And yet what makes our work here more complicated is that we are not comparing just two shape vectors in our example of WBC images, we are comparing hundreds.

## Inferring a shape space from pairwise distances

One way to build a shape space for a collection of binarized images is to apply the Kabsch algorithm, which includes a step in which the best rotation is found, to every pair of images. As a result, we would obtain the RMSD between every pair of images, and we would then need to build a shape space from all these distances between pairs of shapes.

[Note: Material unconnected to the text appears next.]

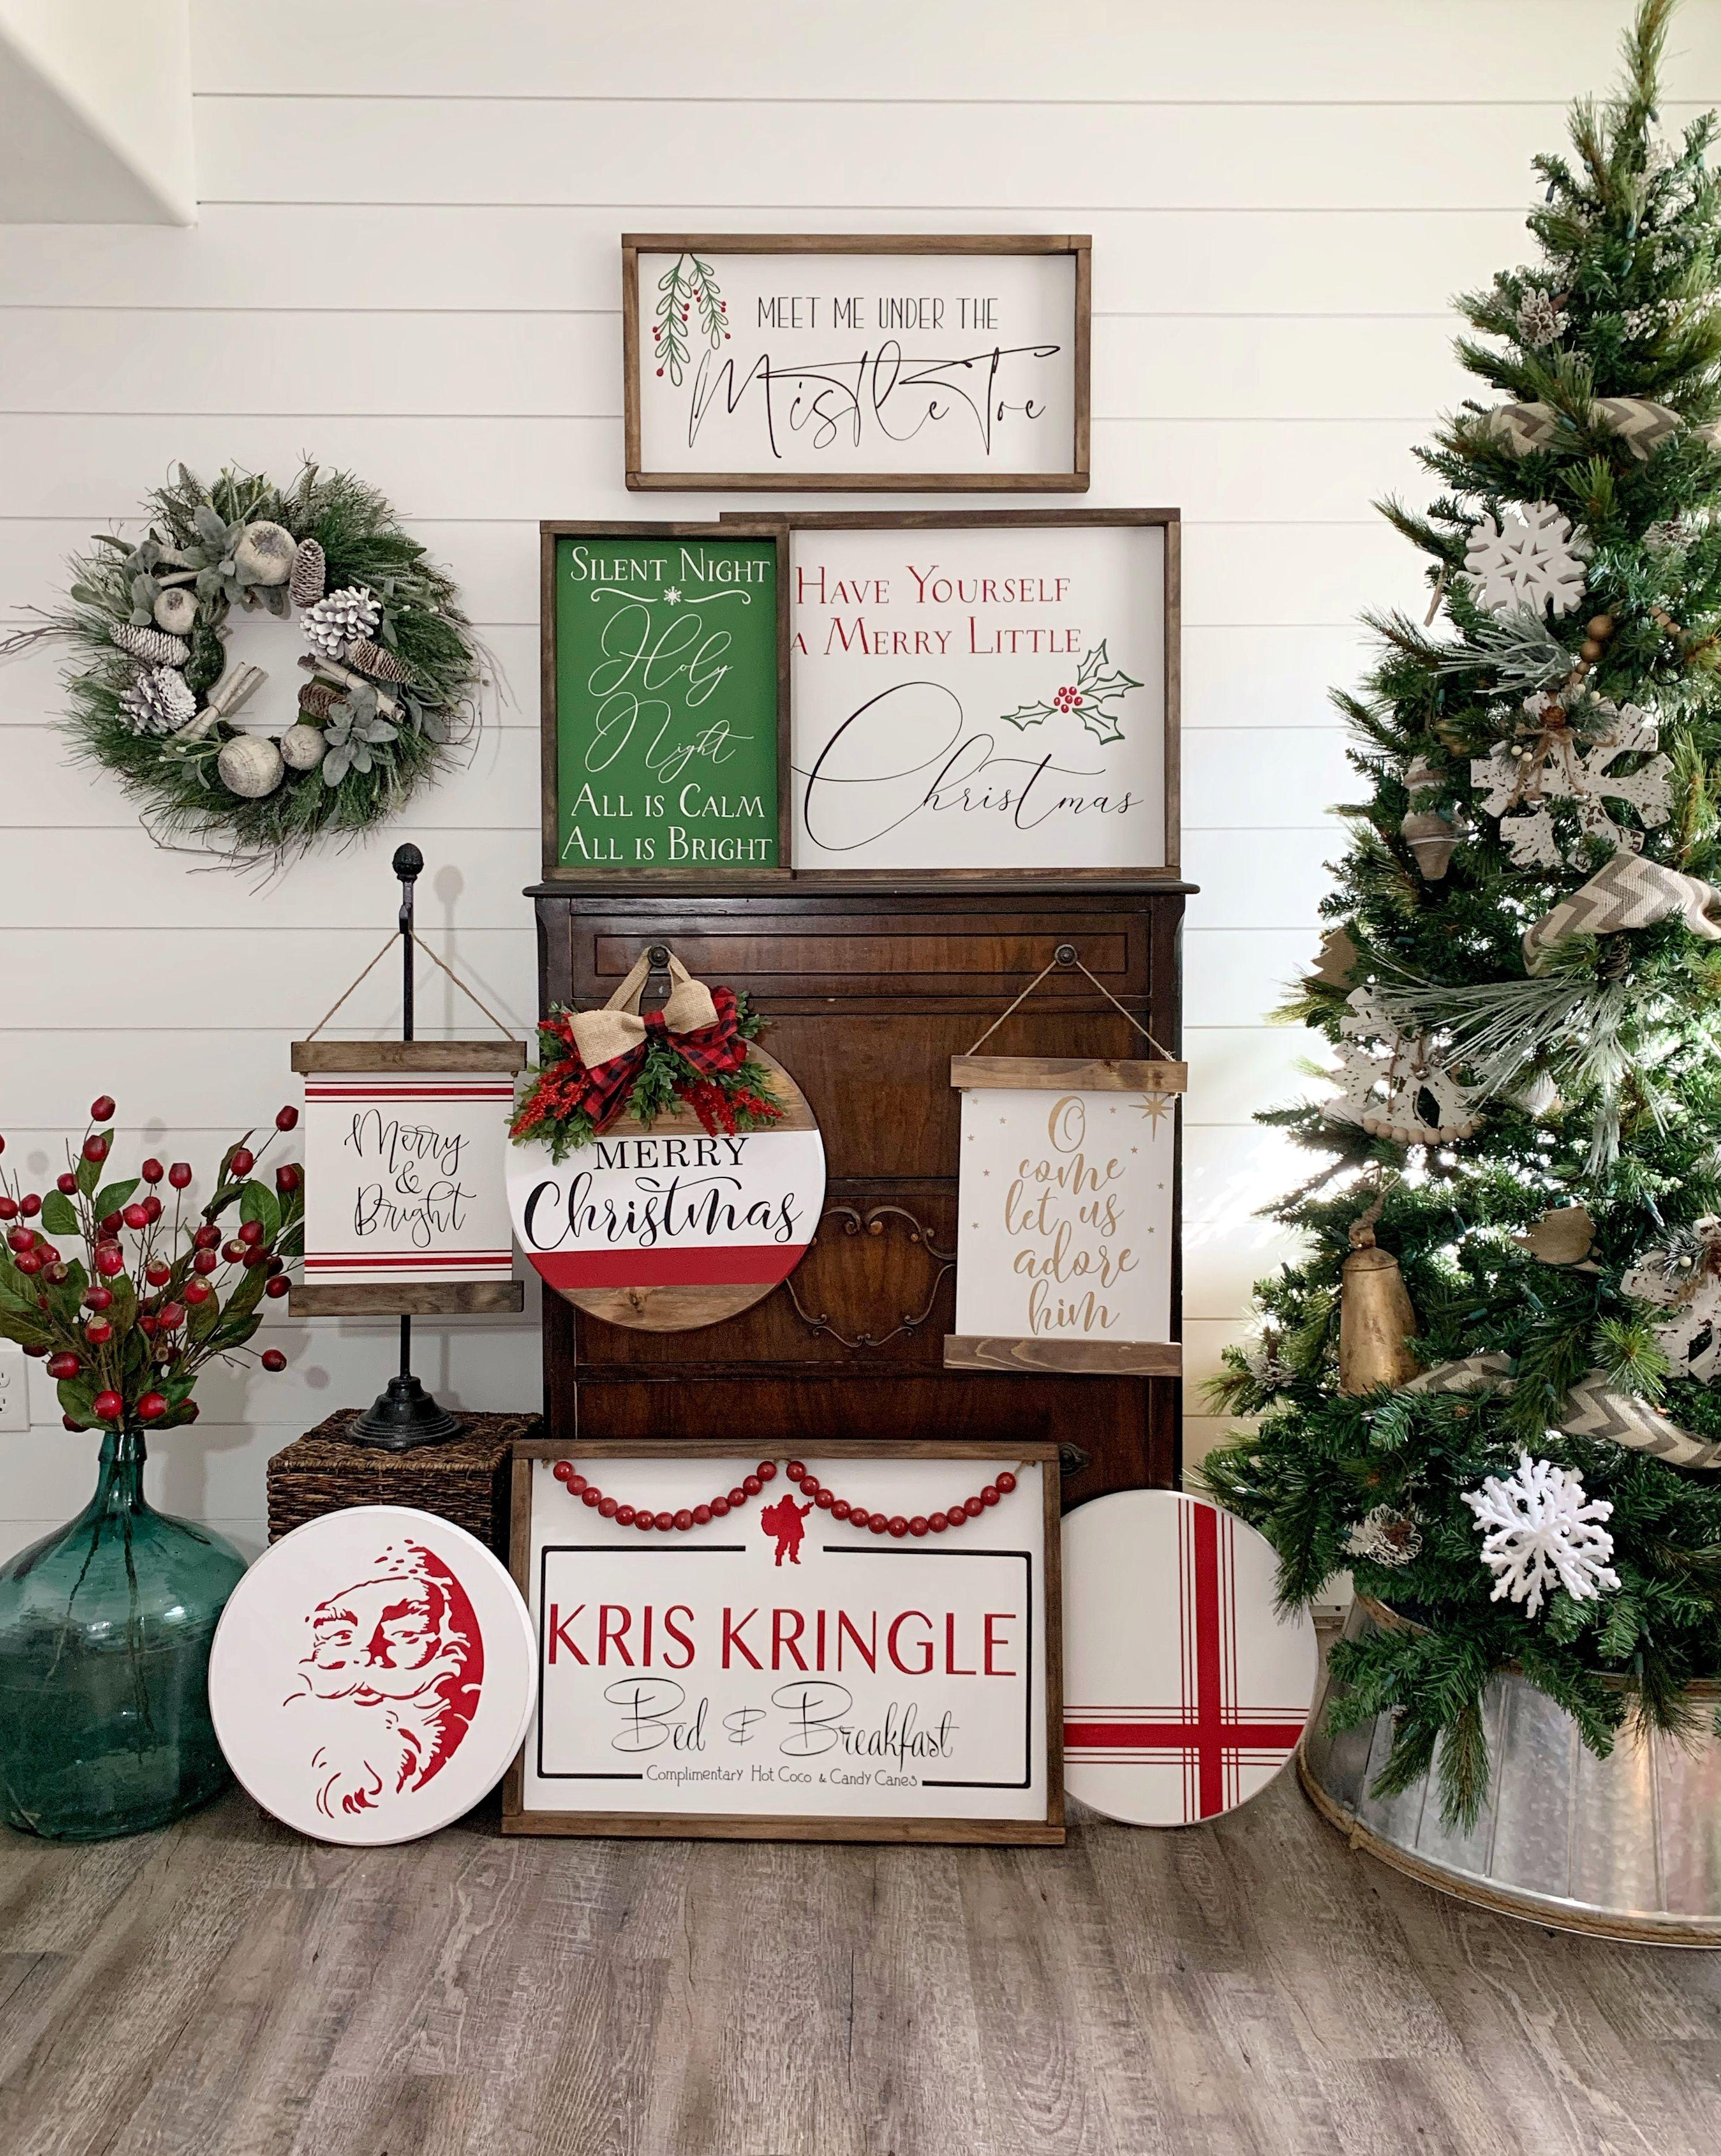 Christmas Collection Christmas Signs Christmas Wood Signs Holiday Decor Farmhouse Christmas Signs Christmas Signs Wood Merry Christmas Sign Christmas Signs

Note: CellOrganizer has one applies an alternative approach to the Kabsch algorithm for computing a cellular distance, called the diffeomorphic distance2, which can be thought of intuitively as determining the amount of energy required to deform one shape into another.

We hope that this problem sounds familiar, as it is the Lost Cities problem in disguise. The pairs of distances between images correspond to a road atlas, and placing images into a shape space corresponds to locating cities.

Statisticians have devised a collection of approaches to solve the Lost Cities problem, the most common of which are called multi-dimensional scaling. The fundamental idea of multi-dimensional scaling is to assign points to n-dimensional space such that the distances between points in this space approximately resemble a collection of distances between pairs of objects in some dataset (which in our case is cellular images).

STOP: If we have m cellular images, then how many times will we need to compute the distance between a pair of images?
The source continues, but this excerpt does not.